Grâce aux solutions de paiement via Paypal, par SMS ou en Audiotel vous pouvez vendre n’importe quoi à partir de 1 € !
Quelques solutions de micro-paiement: www.allopass.com, www.micropaiement.com, www.123ticket.com, www.movo.fr
Vous pouvez aussi insérer de la publicité à l’intérieur de vos eBooks de la même façon que vous le faite avec un blog ou site Web.

Si votre eBook est payant, le mieux est encore de s’appuyer sur des programmes d’affiliation. Seul sur le Web, on a en effet peu de chances de vendre soi-même beaucoup d’exemplaires. Mais en utilisant des services tiers de type Zlio.com ou iDevAffiliate vous pouvez démultiplier votre force de frappe commerciale.

Enfin, ne pas oublier eBay qui peut éventuellement vous rapporter quelques ventes. On y trouve d’ailleurs déjà une longue liste d’eBook en vente.

Toutefois, soyons clair, aucun de ces moyens ne vous permettra de gagner une somme conséquente ou même d’amortir votre investissement. Pour cela, il n’y a qu’en passant par les maisons d’éditions bien installées que vous aurez la possibilité de générer de réels revenus.

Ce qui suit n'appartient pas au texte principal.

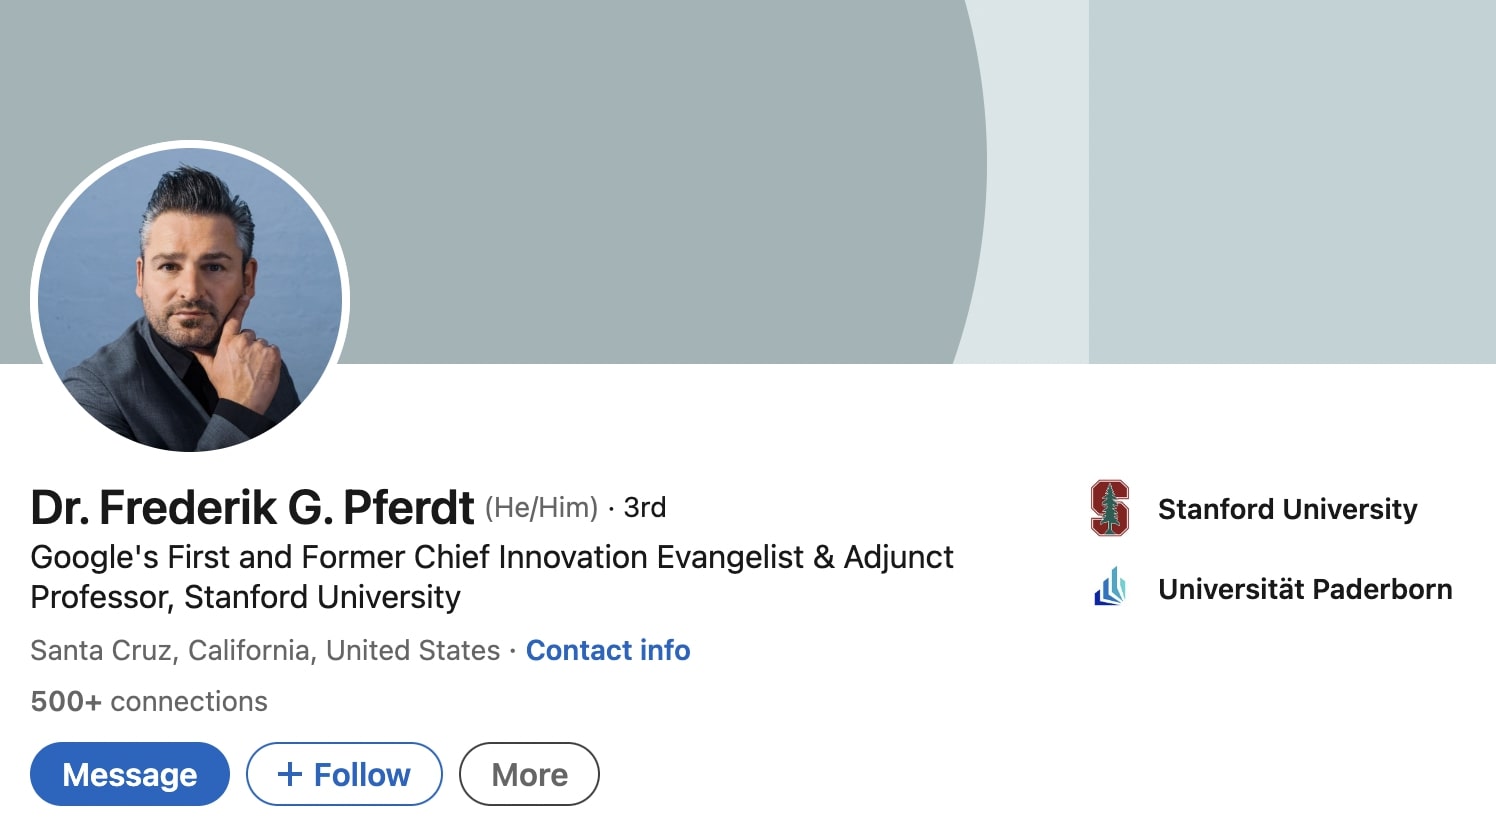 Dr. Frederik G. Pferdt's Linkedin profile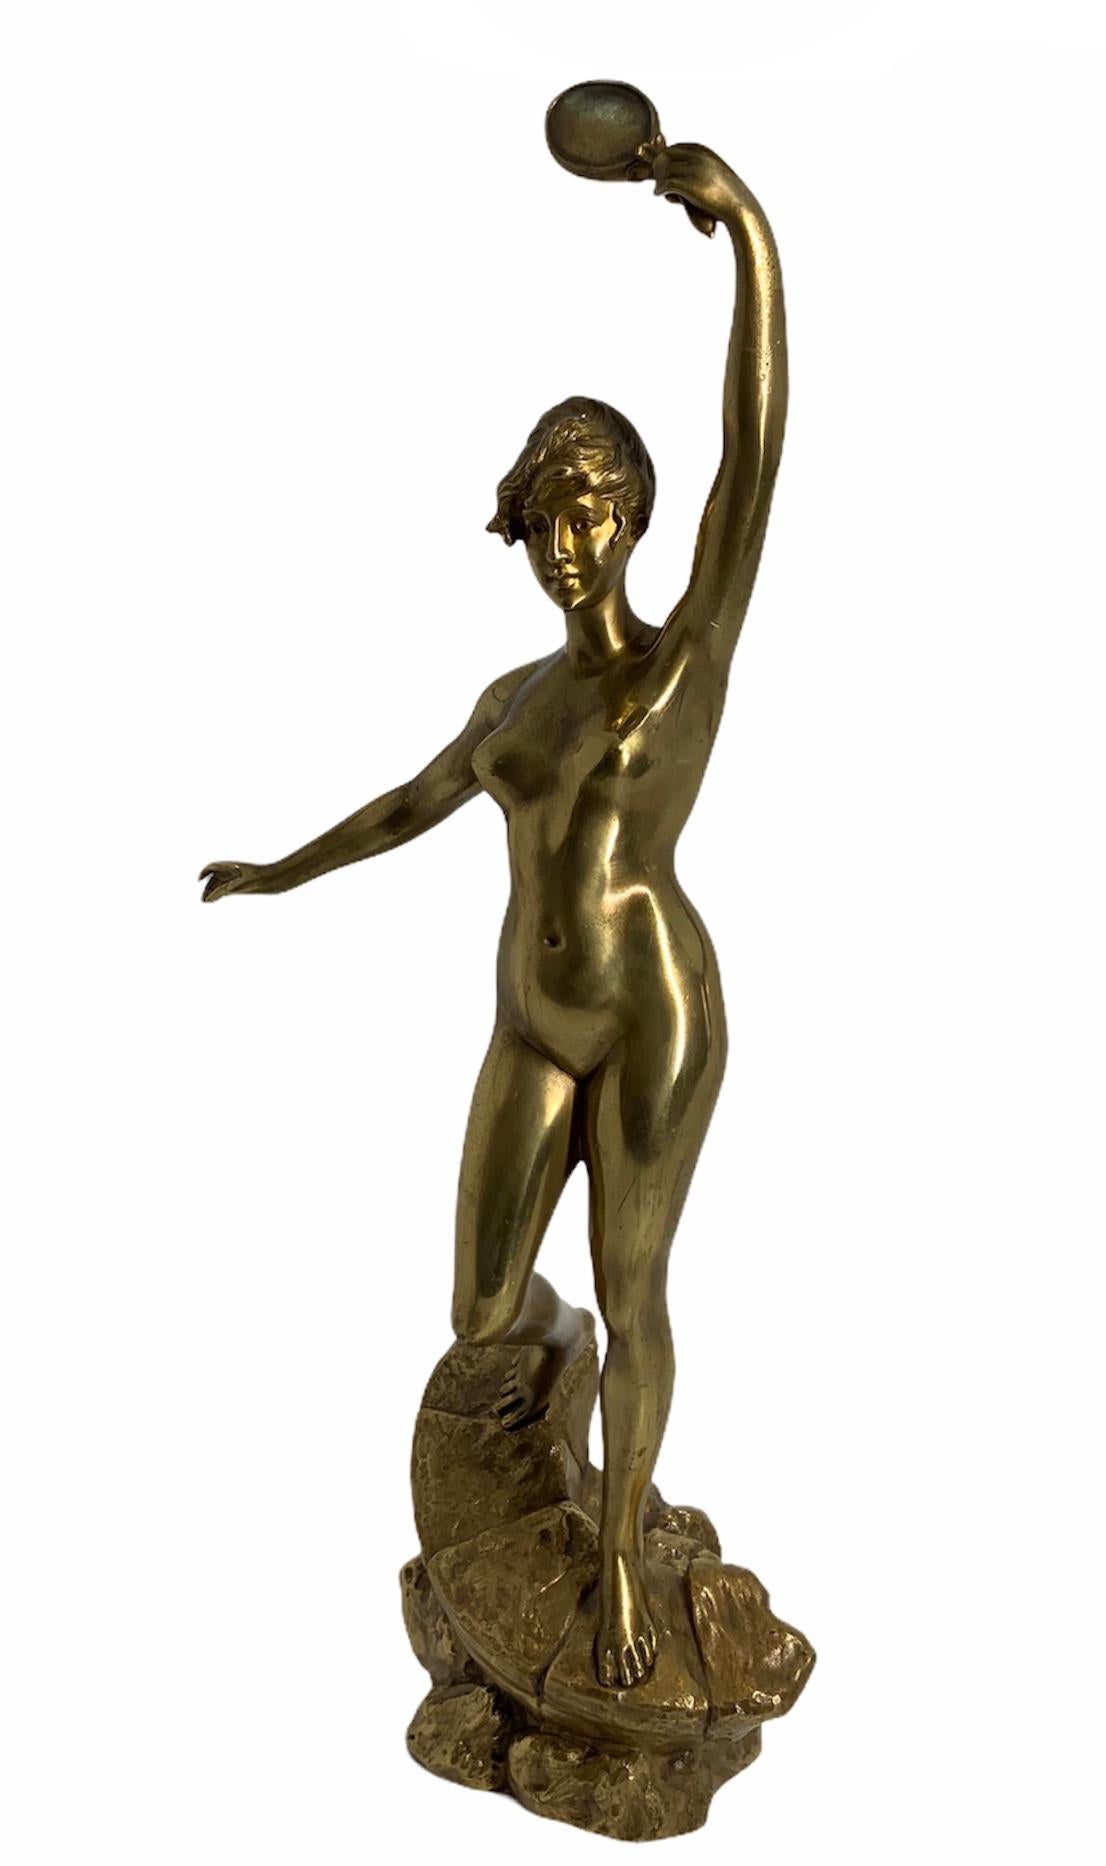 Il s'agit d'une sculpture en bronze doré représentant une femme nue heureuse. Elle lève le bras/la main gauche et tient un miroir en se regardant dedans. Elle se tient au-dessus d'un rocher en forme de pente, au-dessus d'un autre rocher. La

Le livre électronique reste marginal même si promit à un avenir radieux
Au final, le support électronique pour le livre représente aujourd’hui quelques opportunités de niche mais dont le retour sur investissement reste complètement incertain. On nous promet des lendemains joyeux pour ceux qui sauront prendre le train dès aujourd’hui. Or, on nous tenait déjà le même discours il y a quelques années. Même si les progrès sont certains, le développement du livre électronique fait face a de multiples remparts. D’un point de vue technologique, il y a eu des avancées importantes, notamment en termes d’encres et d’écrans. Cependant, on est encore loin du format unique et d’un confort de lecture similaire à celui d’une publication papier. Idem en matière d’usages puisqu’on se borne a vouloir transposer les contenus papiers sur des supports numériques sans pour autant imaginer de nouvelles formes de contenus et de nouvelles façons d’envisager le livre en fonction des capacités et des usages que permettent les supports numériques et connectés. Les lecteurs sérieux de livres électroniques doivent souvent utiliser quatre ou cinq lecteurs différents pour avoir accès aux contenus, car tous les livres ne sont pas offerts dans tous les formats. Les livres électroniques coûtent habituellement aussi chers que leur version papier à leur lancement, ce qui fait rager bon nombre de lecteurs potentiels.
Pour l’auteur de livres électroniques, soyons clairs, la reconnaissance relève du parcours du combattant, et cela tout autant si ce n’est davantage qu’avec le schéma classique de l’édition papier. Le nombre d’auteurs de livres électroniques qui remportent un francs succès et qui vivent de leurs créations se compte sur les doigts de la main. Cependant, en multipliant les formats, les supports et les sources de diffusion, les auteurs peuvent espérer toucher un lectorat communautaire. En plus d’un certain talent pour l’écriture, il est donc nécessaire de devenir un expert en marketing online pour espérer tout au plus un succès d’estime.